# How to contribute more in class discussions?



## TimeisAllAround (Aug 16, 2009)

Before I got social anxiety I was kind of the stereotypical teacher's pet. I always participated in class discussions.
My social anxiety has impeded my ability to be able to speak out in class, even when I feel the urge to share my opinion or whatnot. Sometimes I'm able to speak my mind but other times I just shy away.
I get really nervous when I am the center of attention and worry that I will say something incorrect or something that will make people feel less of me. I know they are stupid irrational fears for the most part. 
Anyone have any tips on how to participate more? Can anyone relate?


----------



## virgo chick (Aug 14, 2009)

I can relate to that. My grades at school could have been higher if i'd participated more in class. I hardly/never speak in class, but have kinda improved.
The good thing about you, is that you have the urge to say something.I say go for it! Some of us get so tied up in our anxiety we forget to be in the moment.
One other thing is that you can try to participate in the way my friend does. She is outgoing in genral but suprisingly quiet in class.
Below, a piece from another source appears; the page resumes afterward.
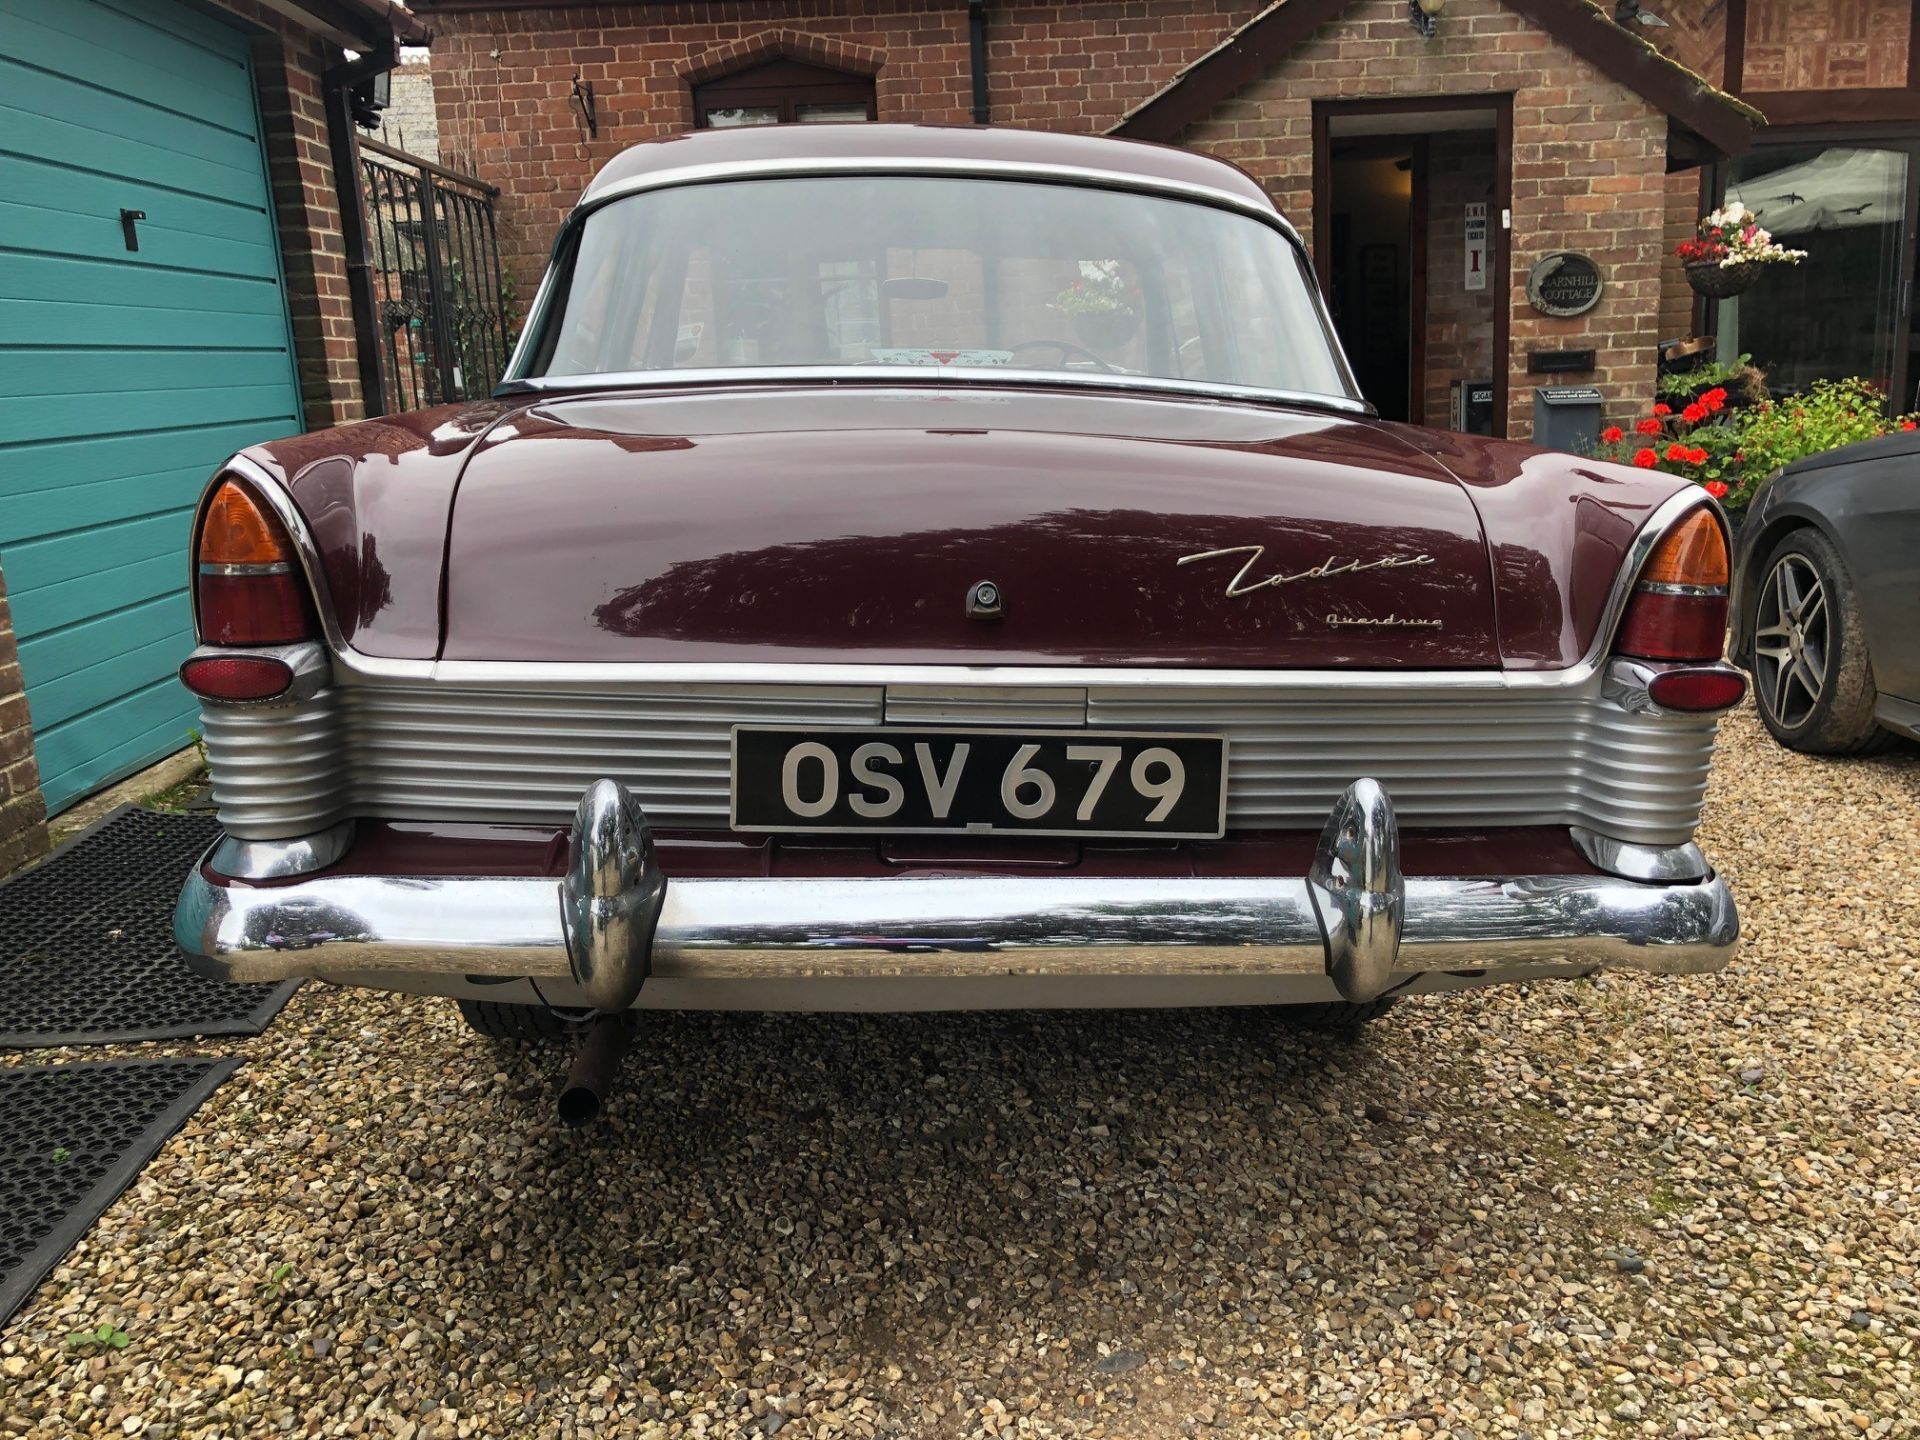 1960 Ford Zodiac Registration number OSV 679 Chassis number 206E306134 Maroon over grey Vinyl and - Image 29 of 70

What she does is when she says something, she doesnt look up from her grafitti/ fiddling. But tutors appreciate her participating. 
For me when i speak out i keep an eye contact with the tutor or look over his head. Cus if im aware that other people are looking at me---im done for :um
But hey, there is no such thing as a dumb/stupid comment. You are studying for a reason. Even though some immature pricks may laugh- you can betcha there is someone else breathing a sigh of relief because you asked the a question they felt too scared to ask out loud.
I usually laugh with others when they laugh at me.. hope this helps.


----------



## TimeisAllAround (Aug 16, 2009)

Good advice. Yeah about the "no such thing as a stupid comment." thing.. I believe that I think that because I have low self esteem. I mean not to appear like I'm full of myself but I've always been in at least a couple of advanced classes. I've been in some AP or college classes while in high school. I've kind of felt somewhat unworthy, I think my friends are smarter than me. Really I think most of my bad grades come from my procrastination which is linked to my perfectionism. I just have to get over that, hopefully I'll make some progress this year. I think that will lead to more participation in class.


----------



## virgo chick (Aug 14, 2009)

TimeisAllAround said:


> I mean not to appear like I'm full of myself but I've always been in at least a couple of advanced classes.


Thats cool. You don't sound as if you are full of yourself.



TimeisAllAround said:


> I've kind of felt somewhat unworthy, I think my friends are smarter than me. Really I think most of my bad grades come from my procrastination which is linked to my perfectionism. I just have to get over that, hopefully I'll make some progress this year. I think that will lead to more participation in class.


I feel the same way too. Im an art student and I cant even get myself to draw in my free time, because of the perfectionism. Really sucks. But its good that you made progress


----------



## TimeisAllAround (Aug 16, 2009)

That is a bummer about your drawing. Yeah the perfectionism leads to procrastination. That leads to something that isn't the best I could do. Which just starts a vicious cycle.


----------



## pita (Jan 17, 2004)

The more you do it, the easier it gets. If you know the class is going to be about a particular topic, you can prepare yourself for the discussion and make notes about things before you say them. Pick one class that you're really interested in, and challenge yourself to put up your hand at least once every time that class meets. I still sweat and shake and freak out when I have to talk in class, but I've gotten a lot better. I can actually _do_ it now, even if it's terrifying.

Good luck.


----------



## TimeisAllAround (Aug 16, 2009)

Thanks for the advice. Yeah I find that I'm willing to speak more in some classes than others. I suppose I can start with one class and branch out as I feel more comfortable.


----------